Белый гроб окружали венки – "Моей любимой дочери на её вечный покой от отца", "Ангелку Иваннушке от Жени, Бориса и Жаната" (это, видно, заказал Жанат, добрая душа, и он об ангелке, в точку!).
Женя выбежала на улицу. Книжника нигде не было. Она вернулась в квартиру – напуганные лица взрослеющих одноклассников Иванны, застывших, как оловянные солдатики, понурая спина Жаната… Жан обещал проводить Женю после похорон домой, посидеть с ней, успокоить. Ох, Жанат, всегдашняя палочка-выручалочка!..
– Жан, ты не видел Книжника?
Он не обернулся на своё имя. Женя дёрнула его за рукав, повторила вопрос.
– По-моему, он с Борисом, – голос Жаната был неожиданно более высоким, чем всегда, каким-то визгливым. Может быть, сдавленным от внутреннего плача?..
Женя открыла дверь в кунсткамеру.
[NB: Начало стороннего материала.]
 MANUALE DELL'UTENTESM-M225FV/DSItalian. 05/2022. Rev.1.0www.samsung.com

Борис спал или находился в забытье, возле него в раздумье сидел Книжник.
– Кирилл! – окликнула его Женя. Книжник обернулся.
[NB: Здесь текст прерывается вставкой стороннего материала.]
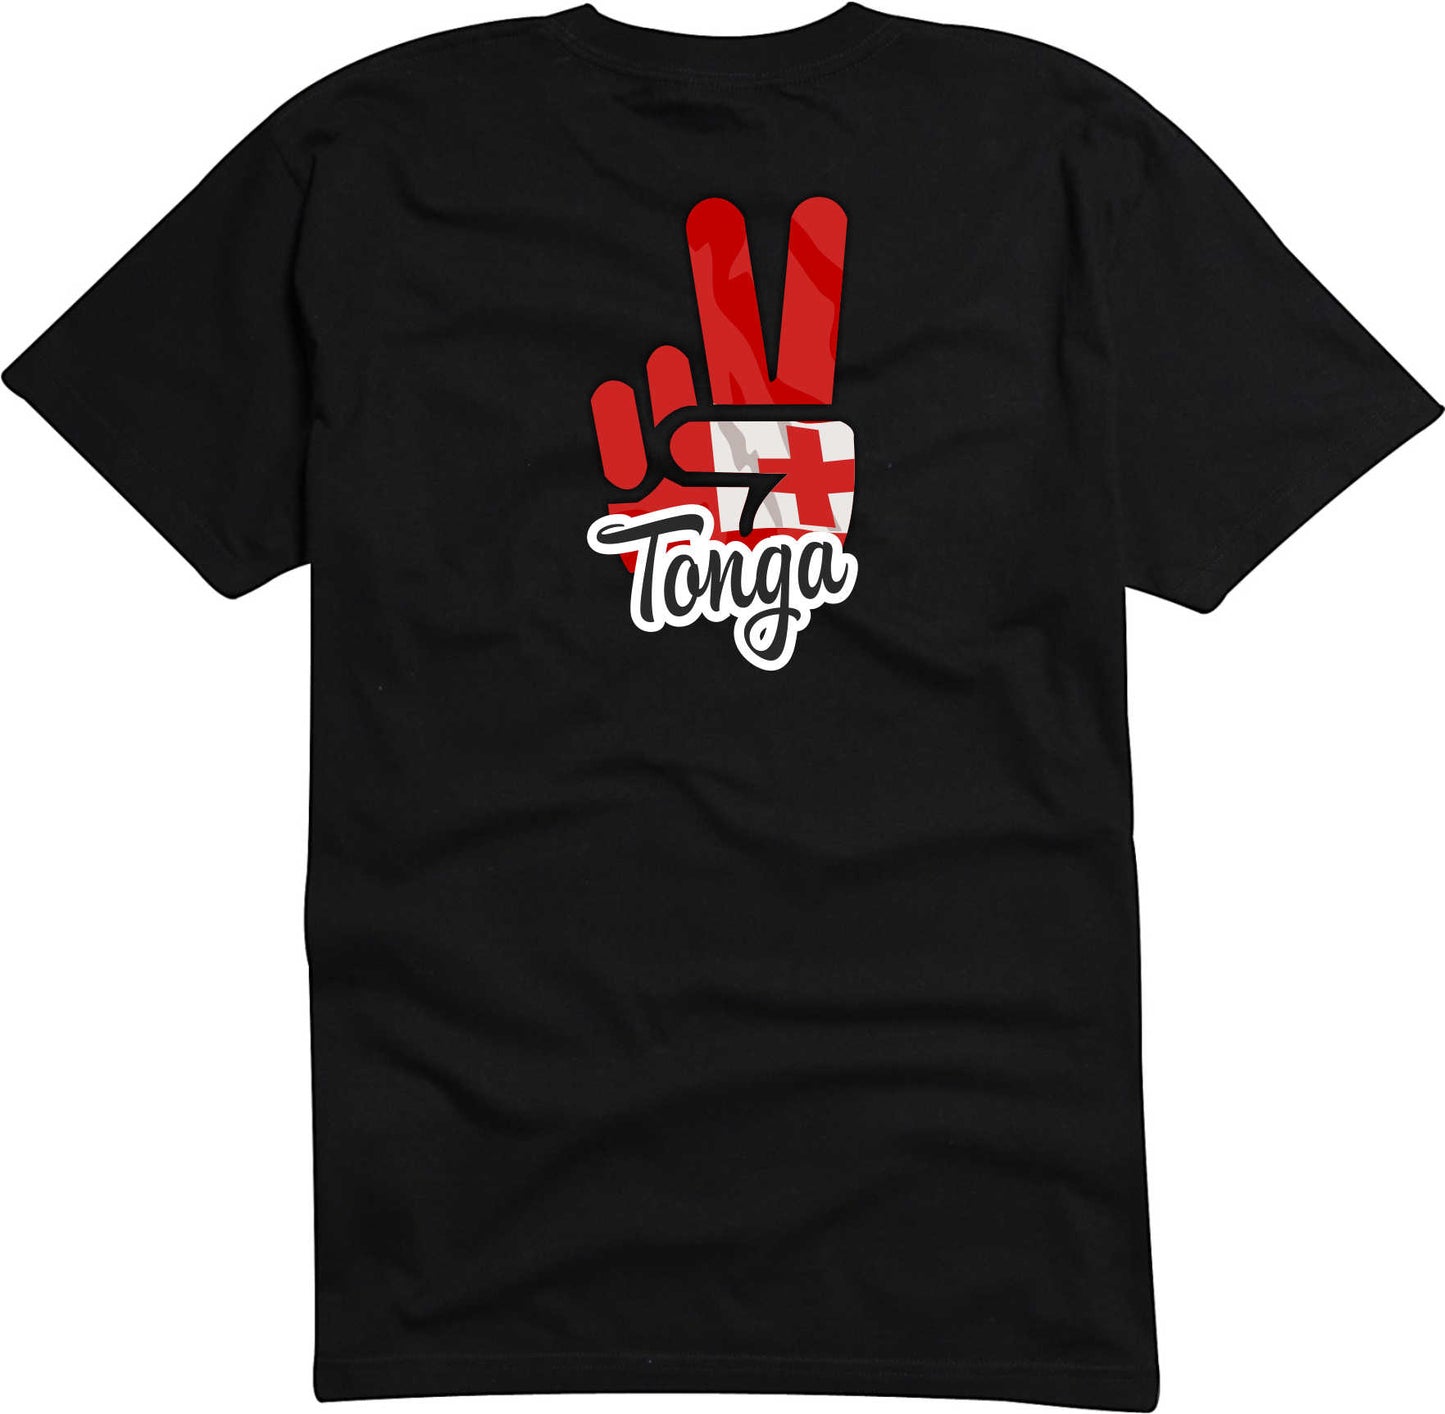 T-Shirt Herren - Victory - Flagge / Fahne - Tonga - Sieg

– Зачем мы мучили его, Кирилл?
– Женя, разве мы мучили его? Борис изводил меня своей влюблённостью. Твой муж преследовал меня. Его выходки пугали, он угрожал членовредительством, самоубийством. Ты жила и живёшь с сумасшедшим. У меня не было другого выхода, как исчезнуть, уйти из его жизни. Сказаться мёртвым. Я не понимаю, почему Жан дал ему мой адрес.
–  Я боюсь тебя! – она осеклась, с болью закусила нижнюю губу. – Борис так и не справился с потерей тебя. А тут новое горе.
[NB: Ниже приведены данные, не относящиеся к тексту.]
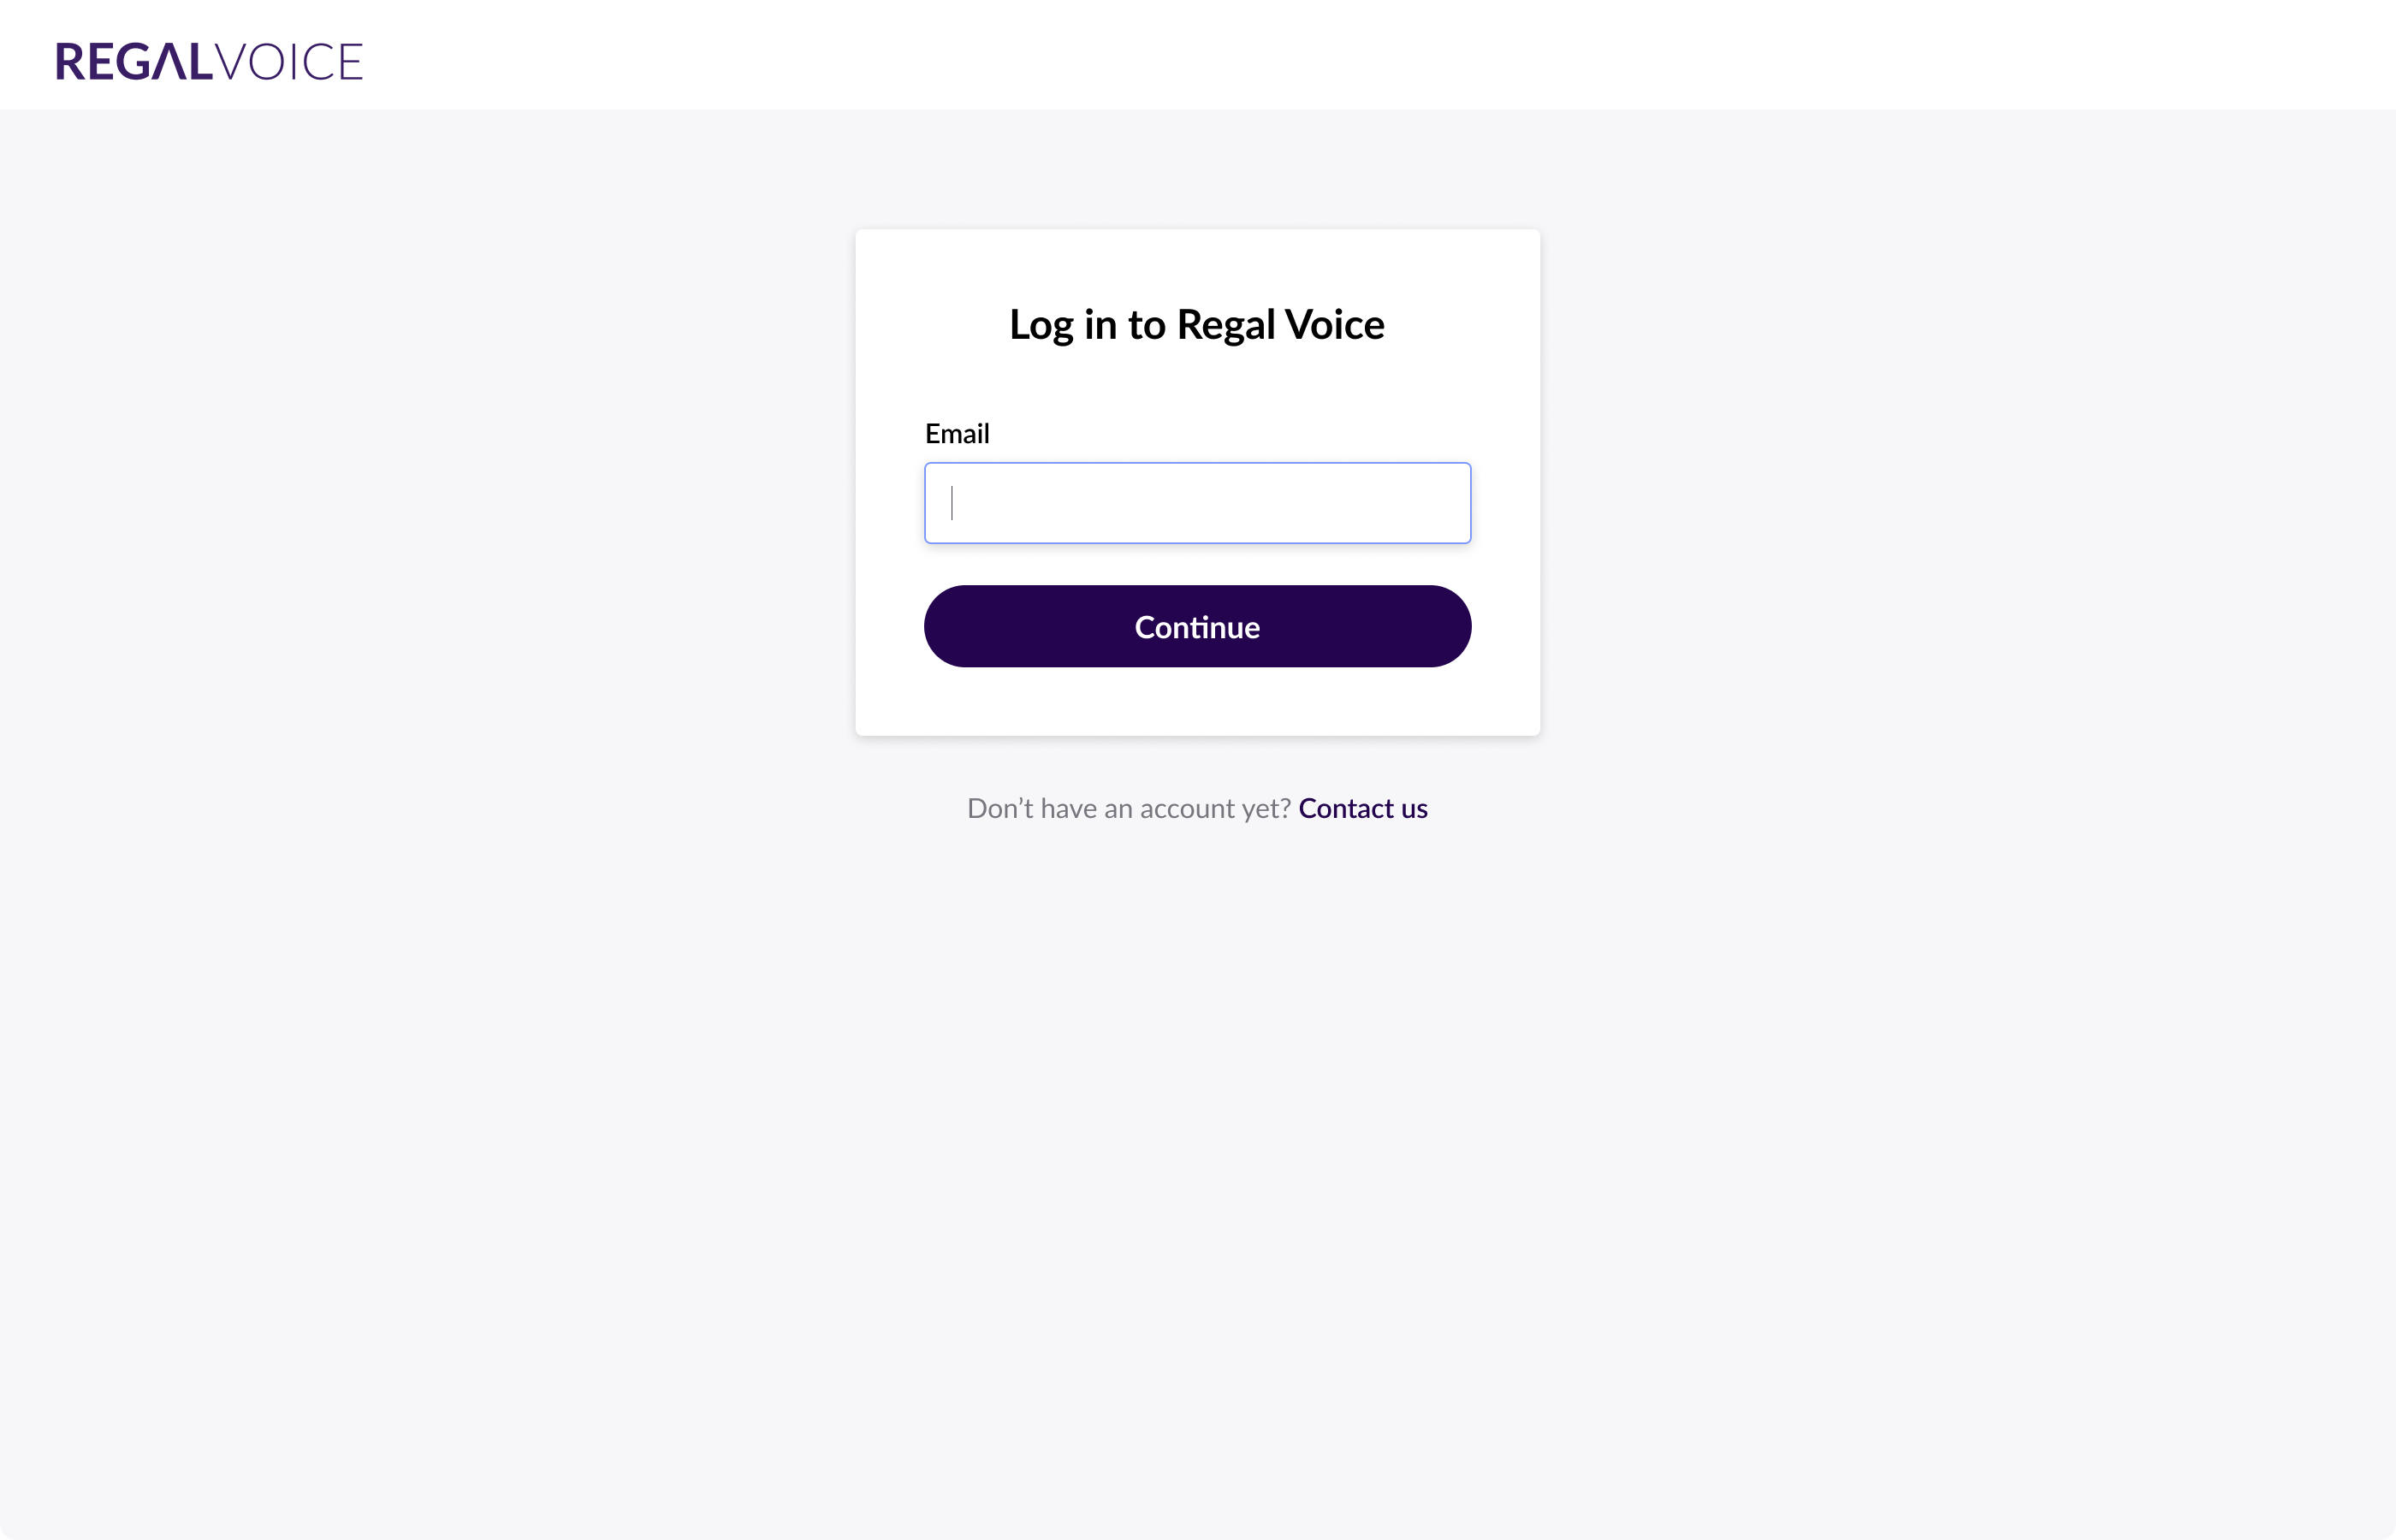 Enter Email at app.regalvoice.com

Она выбежала из комнаты. Кирилл бросился за ней.
– Ну хватит бегать, Женя! Ты становишься похожа на него. 
– Уйди из моей жизни! Я не знала твою Иванну, но чувствую, что она отняла у меня мужа. Раньше его отнимал у меня ты! 
– Ты несправедлива ко мне и моей дочери. Я не сделал тебе ничего плохого. А она вообще была практически дитя. Подожди же, Женя, я…
Девушка теребила телефонный аппарат.
– Такси? Пожалуйста, машину. Что? Куда ехать? – Женя назвала адрес своей подруги. Положила трубку и на несколько минут присела, уткнувшись лицом в рукав куртки.   
Кирилл был обессилен гибелью дочери, непосредственной близостью почти сумасшедшего Бориса, мучительными разгадками союза «Иванна+Борис» – правда? бред сумасшедшего Борьки? правда?.. Он отступил от Жени и дал ей возможность выйти на улицу. Подошёл к Жанату, который пристально смотрел вслед Женьке, нервно топтался на месте и был не на шутку встревожен.
      – Куда она уехала?! Что-то случилось?! Она вернётся? – неожиданно грубо и резко, видно, волнуясь за Женю, спросил Жанат.
– Нет, всё в порядке, друг. Нужно привезти одного человека. Женя потом сразу поедет на кладбище, – тихим голосом солгал Кирилл. Его задел бесцеремонный тон Жаната, но Иванна очень любила Жана, и её отцу не хотелось, чтобы Жанат ушёл вместе с Женей: его пост сейчас у тела умершей.
– Я поеду с ней, – Жанат выскочил на улицу. Жени уже не было.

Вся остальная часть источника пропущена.